Dylan James Fletcher-Scott  (born 3 April 1988) is a British sailor and Olympic Champion in Men's 49er in Tokyo 2020. Fletcher and Alain Sign placed sixth in the 49er event at the 2016 Summer Olympics.

Starting sailing at age 11 and racing at 13, Fletcher has always sailed double handers. Quickly finding himself at the front of the 405 fleet he moved up into the 29er enjoying similar success including 2nd at the Senior 29er worlds in 2006 (Weymouth). He then transitioned into the 49er climbing up the ranks collecting medals along the way.
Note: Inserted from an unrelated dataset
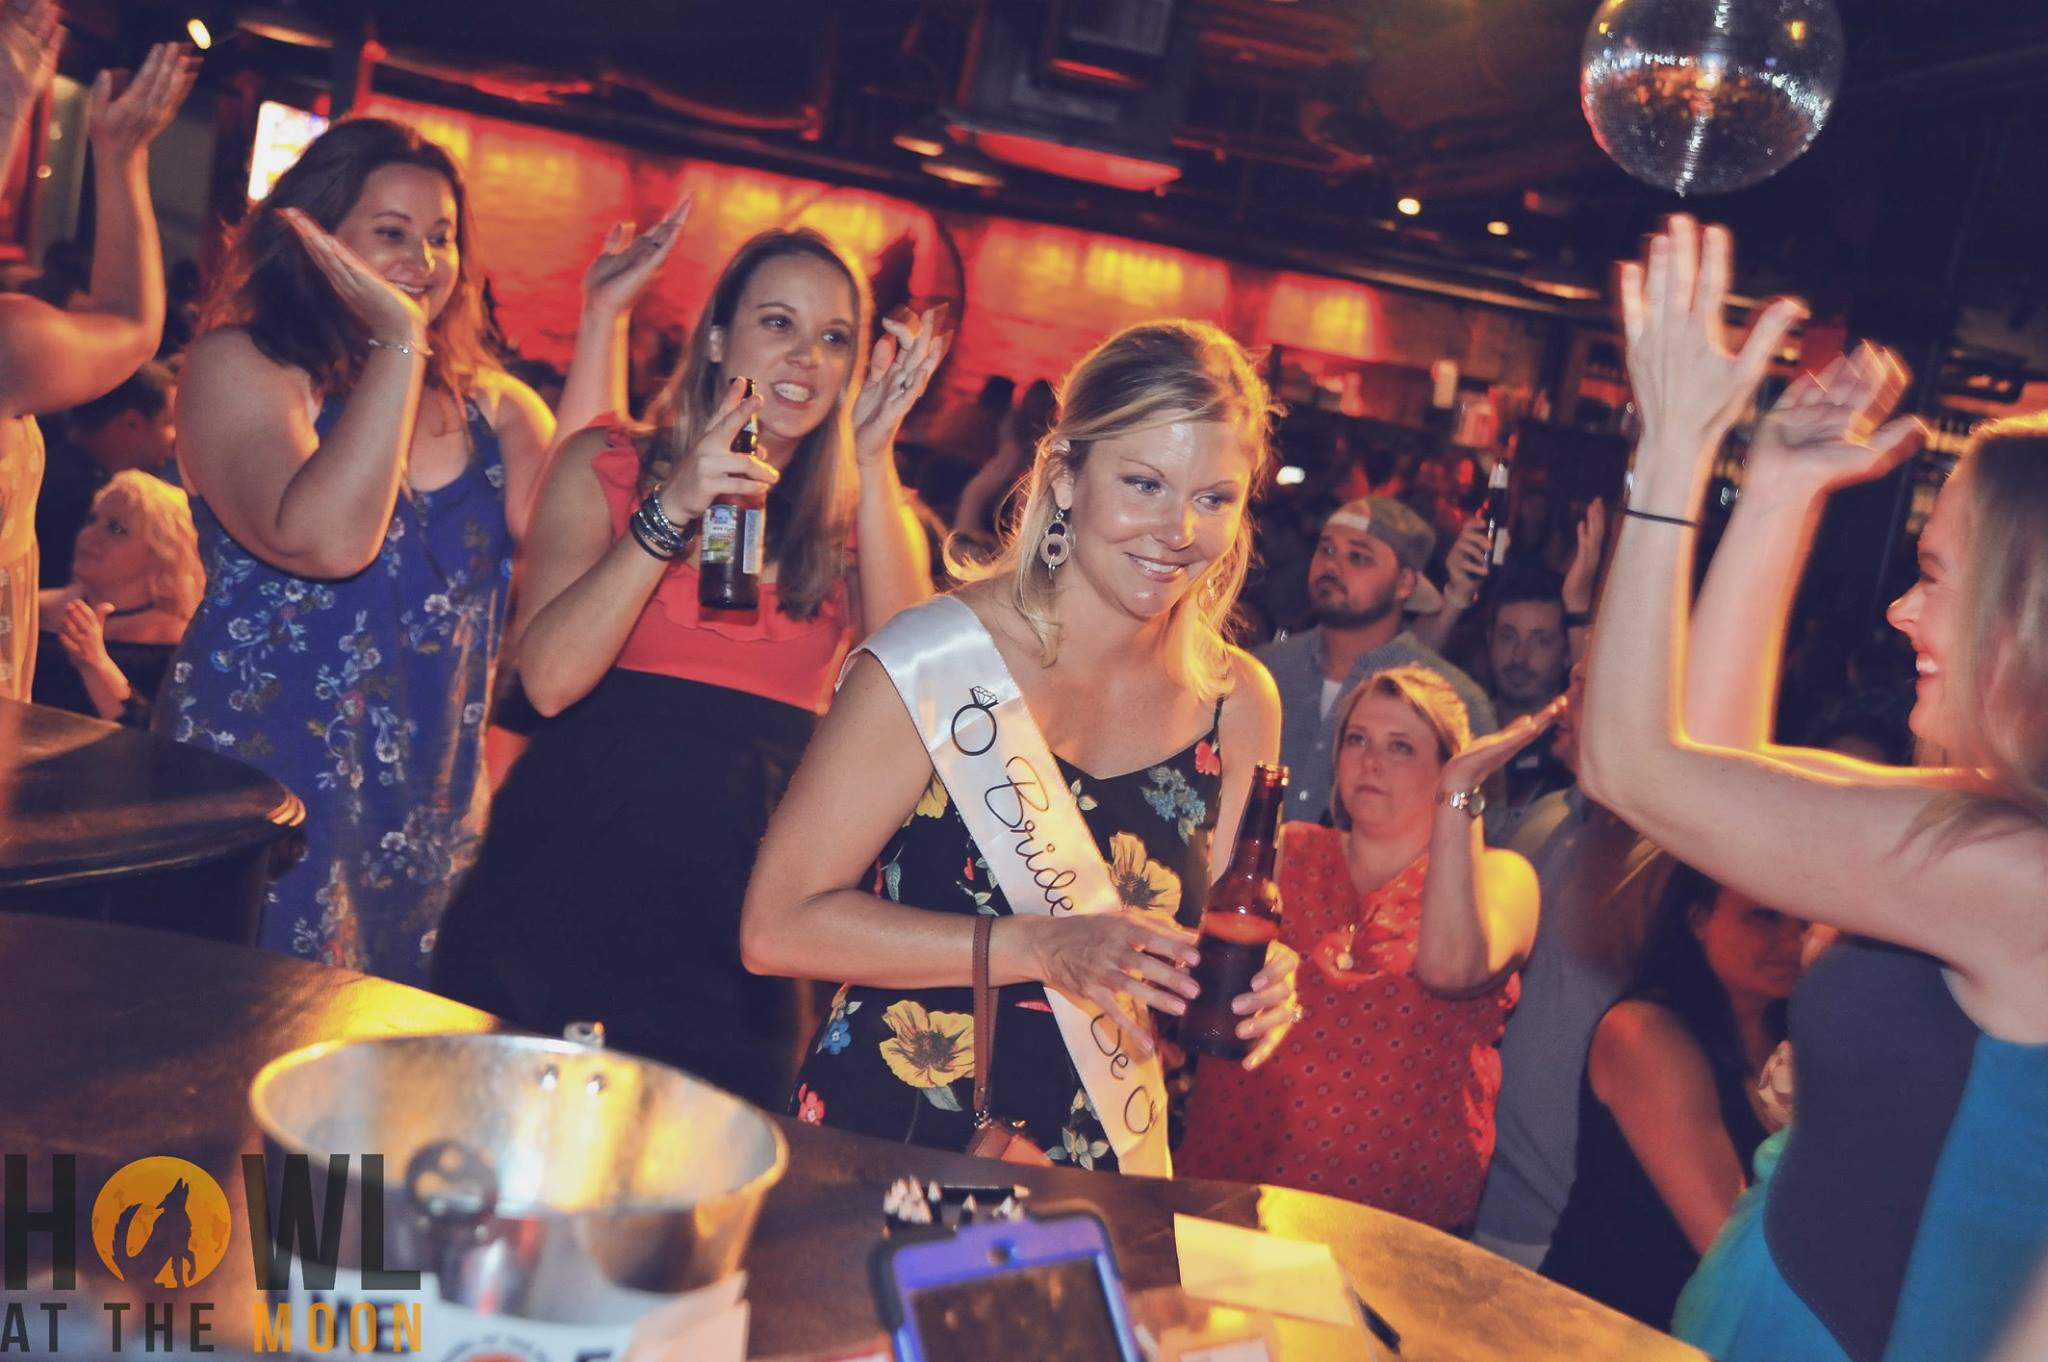 Kansas City Bachelorette Party Ideas
 Beginners Guide to Planning a Bachelorette Party

Fletcher now sails with Olympic 2012 470 Silver medalist Stuart Bithell. The team medalled at every regatta in 2017 winning both the European and World Championships. They have qualified to represent Great Britain at the 2020 Summer Olympics in the Men's 49er class.

Fletcher won Olympic gold representing Great Britain at the 2020 Summer Olympics in the Men's 49er class with crew Stuart Bithell.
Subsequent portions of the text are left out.